# Deep RL with Gym and stablebaselines3

Trimmed version of https://colab.research.google.com/github/huggingface/deep-rl-class/blob/main/unit1/unit1.ipynb#scrollTo=zpz8kHlt_a_m

Note: Set the GPU!

## Install Dependencies

In [None]:
!apt install python-opengl
!apt install ffmpeg freeglut3-dev xvfb  # For visualization
!pip3 install pyvirtualdisplay
!pip install gym[box2d] # environments
!pip install stable-baselines3[extra] # deep RL library
!pip install huggingface_sb3 # extra code for sb3 to load/upload models to HFHub
!pip install pyglet
!pip install ale-py==0.7.4 # To overcome an issue with gym (https://github.com/DLR-RM/stable-baselines3/issues/875)

Reading package lists... Done
Building dependency tree       
Reading state information... Done
The following package was automatically installed and is no longer required:
  libnvidia-common-460
Use 'apt autoremove' to remove it.
Suggested packages:
  libgle3
The following NEW packages will be installed:
  python-opengl
0 upgraded, 1 newly installed, 0 to remove and 49 not upgraded.
Need to get 496 kB of archives.
After this operation, 5,416 kB of additional disk space will be used.
Get:1 http://archive.ubuntu.com/ubuntu bionic/universe amd64 python-opengl all 3.1.0+dfsg-1 [496 kB]
Fetched 496 kB in 1s (483 kB/s)
Selecting previously unselected package python-opengl.
(Reading database ... 155639 files and directories currently installed.)
Preparing to unpack .../python-opengl_3.1.0+dfsg-1_all.deb ...
Unpacking python-opengl (3.1.0+dfsg-1) ...
Setting up python-opengl (3.1.0+dfsg-1) ...
Reading package lists... Done
Building dependency tree       
Reading state information... Done
free

## Import Dependencies

In [None]:
import gym

from huggingface_sb3 import load_from_hub, package_to_hub, push_to_hub
from huggingface_hub import notebook_login # To log to our Hugging Face account to be able to upload models to the Hub.

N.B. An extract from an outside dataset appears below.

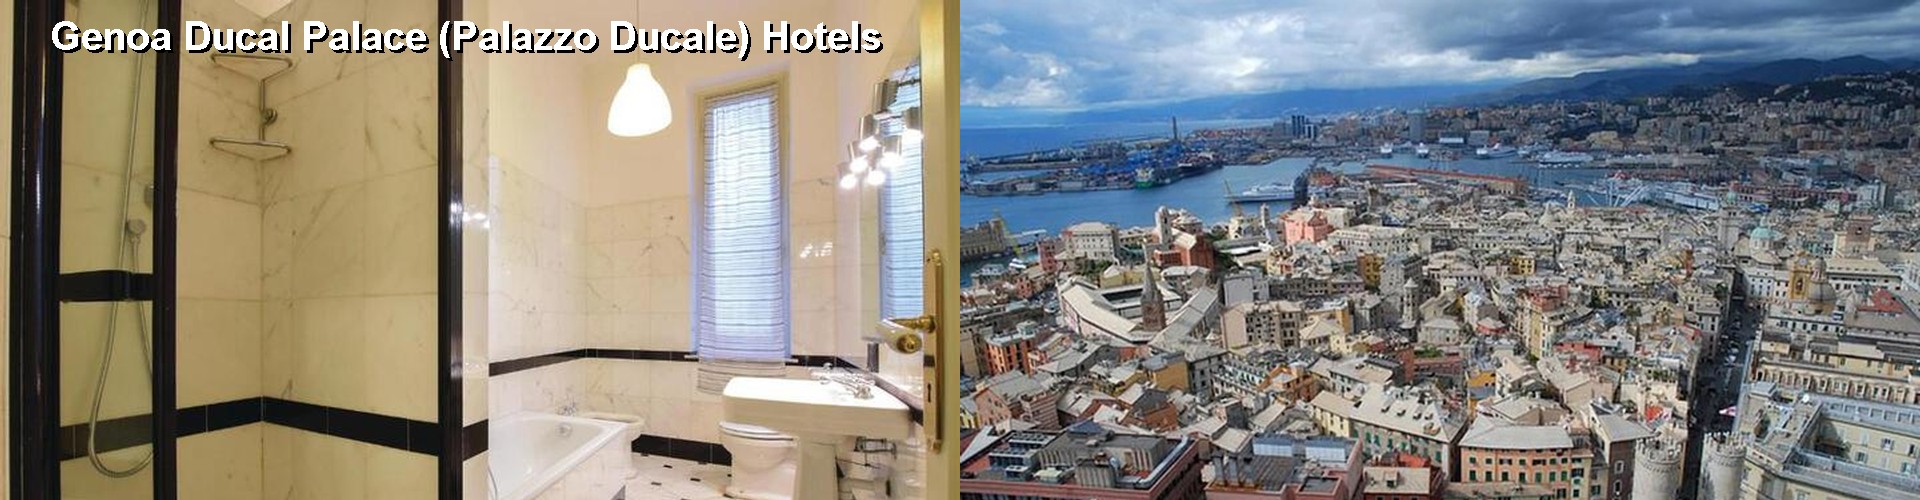 5 Best Hotels near Genoa Ducal Palace (Palazzo Ducale)

from stable_baselines3 import PPO, DQN

from stable_baselines3.common.evaluation import evaluate_policy
from stable_baselines3.common.env_util import make_vec_env

import matplotlib.pyplot as plt
from gym import wrappers
from gym.wrappers import Monitor
import io
import base64
import glob
import numpy as np
from IPython.display import HTML
from IPython import display as ipythondisplay

from pyvirtualdisplay import Display # Virtual display

### Set the virtual display

In [None]:
virtual_display = Display(visible=0, size=(1400, 900))
virtual_display.start()

<pyvirtualdisplay.display.Display at 0x7fa92a91f750>

## Create the LunarLander environment
#### [The environment 🎮](https://www.gymlibrary.ml/environments/box2d/lunar_lander/)

In [None]:
def query_environment(name):
    env = gym.make(name)
    spec = gym.spec(name)
    print(f"Action Space: {env.action_space}")
    print(f"Action Space Shape: {env.action_space.n}")
    print(f"Action Space Sample: {env.action_space.sample()}")
    print(f"Observation Space: {env.observation_space.shape}")
    print(f"Max Episode Steps: {spec.max_episode_steps}")
    print(f"Nondeterministic: {spec.nondeterministic}")
    print(f"Reward Range: {env.reward_range}")
    print(f"Reward Threshold: {spec.reward_threshold}")
    print(f"Sample observation: {env.observation_space.sample()}")

In [None]:
# Bonus: 3 new environments
env_name = "MountainCar-v0"
env = gym.make("MountainCar-v0")
env.reset()

array([-0.4921547,  0.       ], dtype=float32)

In [None]:
query_environment(env_name)

Action Space: Discrete(3)
Action Space Shape: 3
Action Space Sample: 2
Observation Space: (2,)
Max Episode Steps: 200
Nondeterministic: False
Reward Range: (-inf, inf)
Reward Threshold: -110.0
Sample observation: [ 0.5884096  -0.06373038]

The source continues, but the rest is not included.